2. Materials and Methods

2.1. Materials

Tetraethylorthosilicate (TEOS) 99%, (3-glycidoxypropyl)trimethoxysilane (GLYMO) 98% and benzoin methyl ether (BME) 97% were purchased from abcr GmbH, Karlsruhe, Germany. Divinylbenzene (DVB) technical grade—80%, benzyl methacrylate (BM) 96% containing monomethyl ether hydroquinone as an inhibitor, 2-(Dimethylamino)ethyl methacrylate (DAEMA) contains 700–1000 ppm monomethyl ether hydroquinone as inhibitor 98%, tert-butyl acrylate (tBA) 98% containing 10–20 ppm monomethyl ether hydroquinone as an inhibitor, methyl methacrylate (MM) 99% stabilized for synthesis with monomethyl ether hydroquinone as an inhibitor, ammonium hydroxide solution (28–30%) for analysis EMSURE ACS. Reag. Ph Eur. Supelco and aluminum oxide (active basic) Brockmann I, were purchased from Sigma-Aldrich (Merck KGaA, Darmstadt, Germany). Ethanol absolute (EtOH, 99.3%) and hydrochloric acid (HCl) were purchased from Chemical Company S.A. Iasi, Romania.

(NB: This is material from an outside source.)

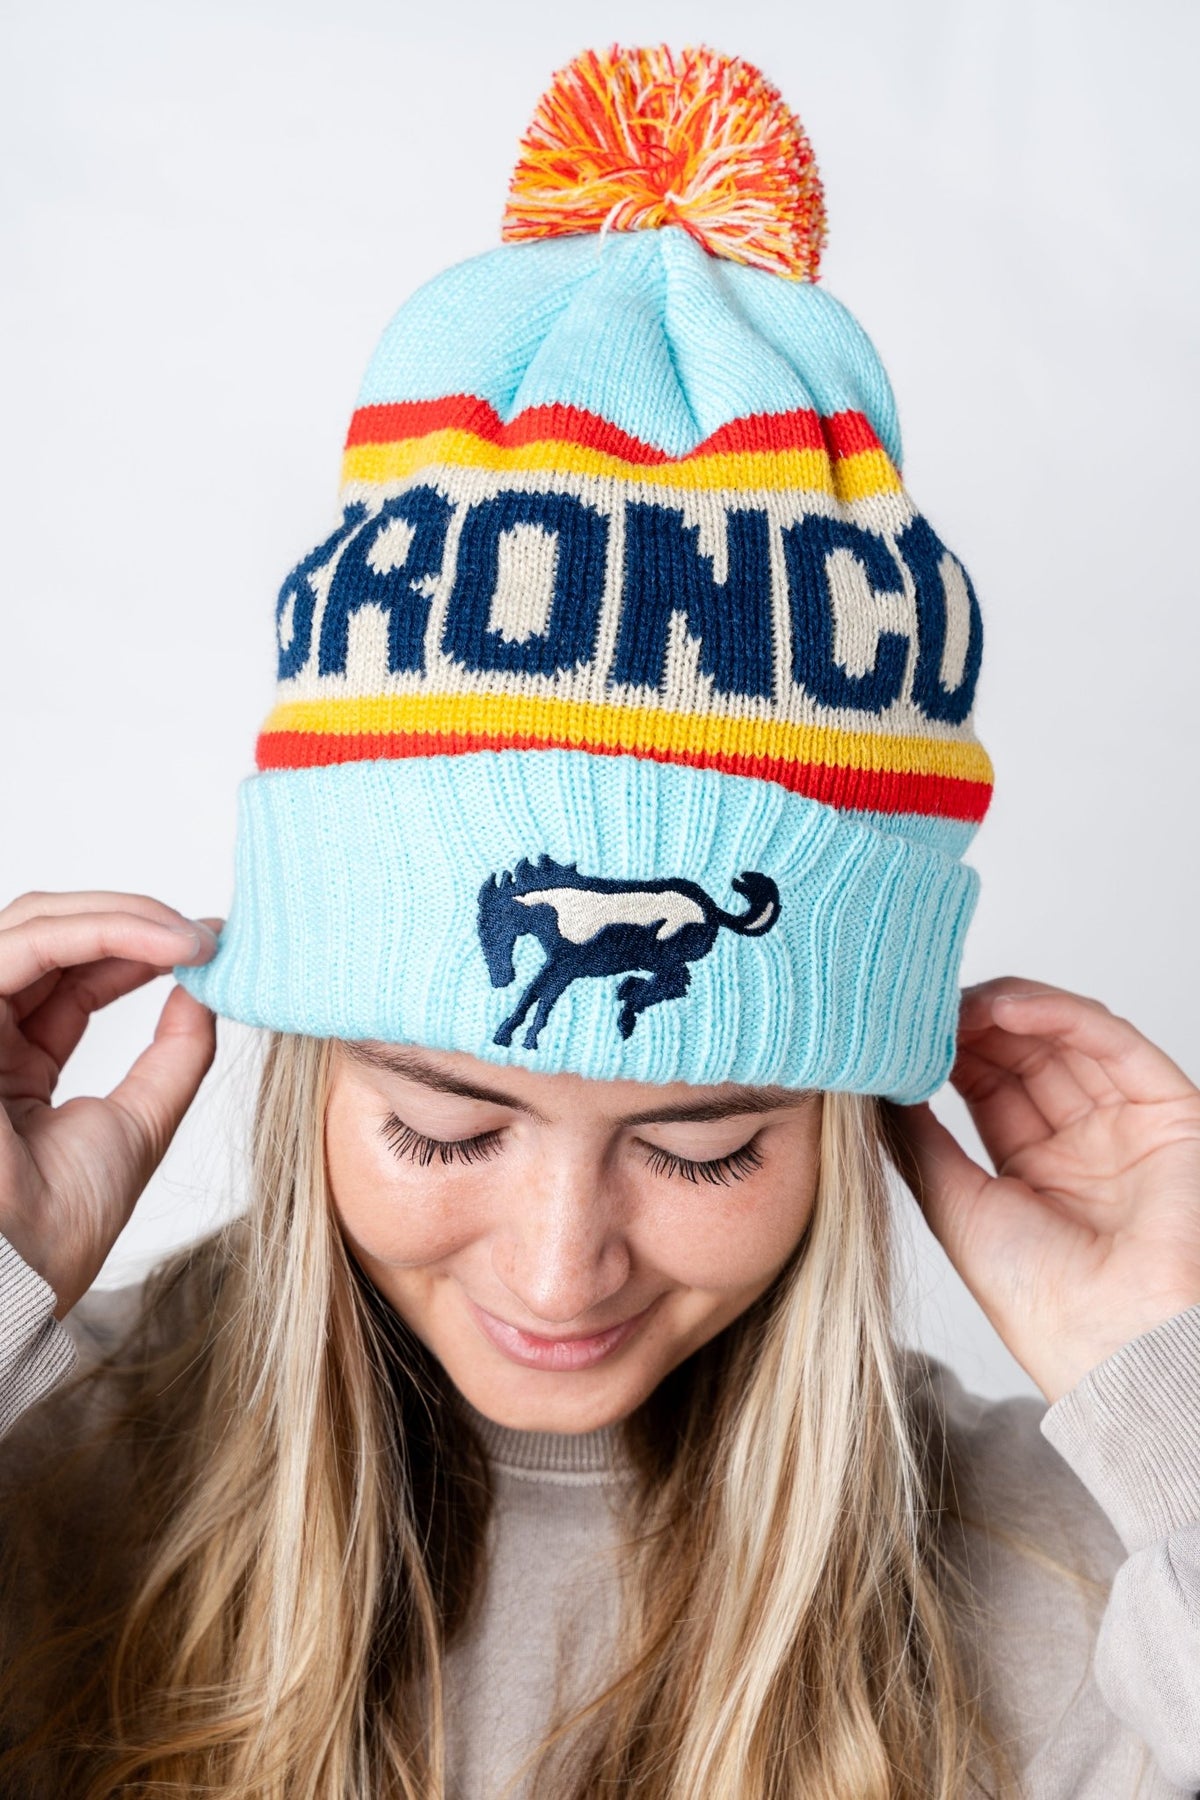 Bronco pillow pom beanie light blue - Trendy Gifts at Lush Fashion Lounge Boutique in Oklahoma City

2.2. Synthesis of Silica Nanoparticles

In a 1000 mL round-bottom flask, 9 mL TEOS, 300 mL EtOH, 33 mL H₂O, and 27.7 mL NH₄OH were added. The reaction mixture was stirred at room temperature at 1000 rpm. A second mixture of 54 mL TEOS and 200 mL EtOH was added drop-wise via separatory funnel for about 3 h. The reaction mixture was left for 24 h at room temperature. At the end, the reaction mixture was neutralized with 18 mL of HCl. After reaction, the NPs were separated by centrifugation and washed three times with EtOH and three times with water. For the washing cycles of the NPs, ultasonication was used to redisperse the particles in the desired solvents, and centrifugation was used in every step of solid–liquid separation. At the end, the NPs were dispersed and kept in EtOH.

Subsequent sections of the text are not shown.